Denny’s plans for store closures gains pace in 2025 due to rising fast food demand and declining preference for on-site dining. The company recently expanded its underperforming store closure list from 150 to more than 180 outlets.
CFO Verostek at Denny’s expressed his thoughts on closures
Robert Verostek, Denny’s CFO expressed that Denny’s will primarily shut down its restaurants whose leases are about to expire, or which show poor revenue performance. The restaurant market shows a wider trend where institutions like Applebee’s and Hooters and Outback Steakhouse and TGI Friday’s are failing to keep their customer base.
Stockholder’s point of view
Stockholders of Denny’s saw their shares decline to under $5 during a time when they reached a peak value of $24 in 2019. The decline in restaurant sales is attributed to shifting consumer behavior patterns but Chili’s and Texas Roadhouse show success by enhancing dining quality while providing better prices.
Future goals for Denny’s
Despite restaurant closures, Denny’s continues to advance its growth initiatives.
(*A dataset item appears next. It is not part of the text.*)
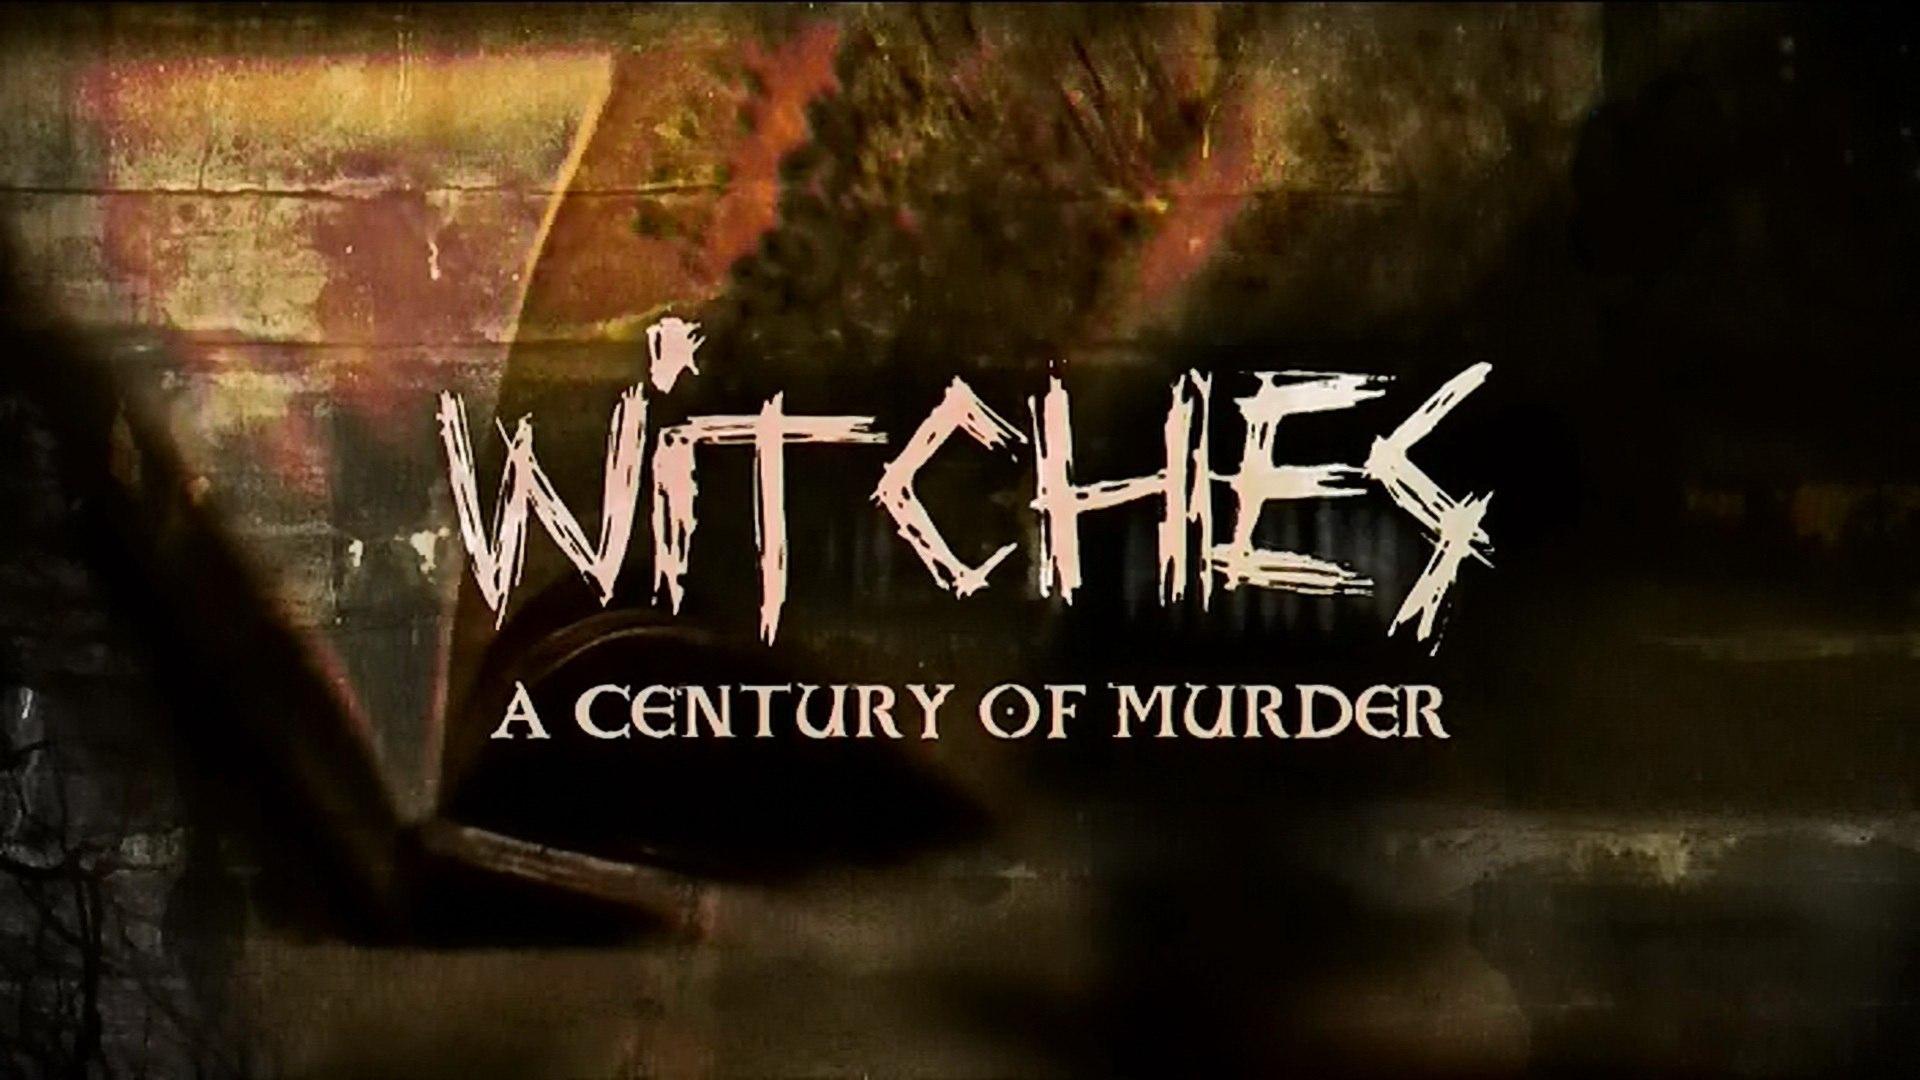 Охота на ведьм: столетие убийств / Witch Hunt A Century of Murder 2 серия из 2 (2015)

The company aims to construct at least 14 additional facilities along with improvements on select existing establishments. The company operates 1,334 locations throughout the U.S. and focuses on states like Arizona and Florida together with California and Texas where they aim to develop their strategy of restructuring with strategic investments.
Denny’s continues to adapt its business model to compete in an environment where customers prefer quick and affordable food options. The success of Denny’s strategy depends on how well it satisfies the current dining requirements of customers.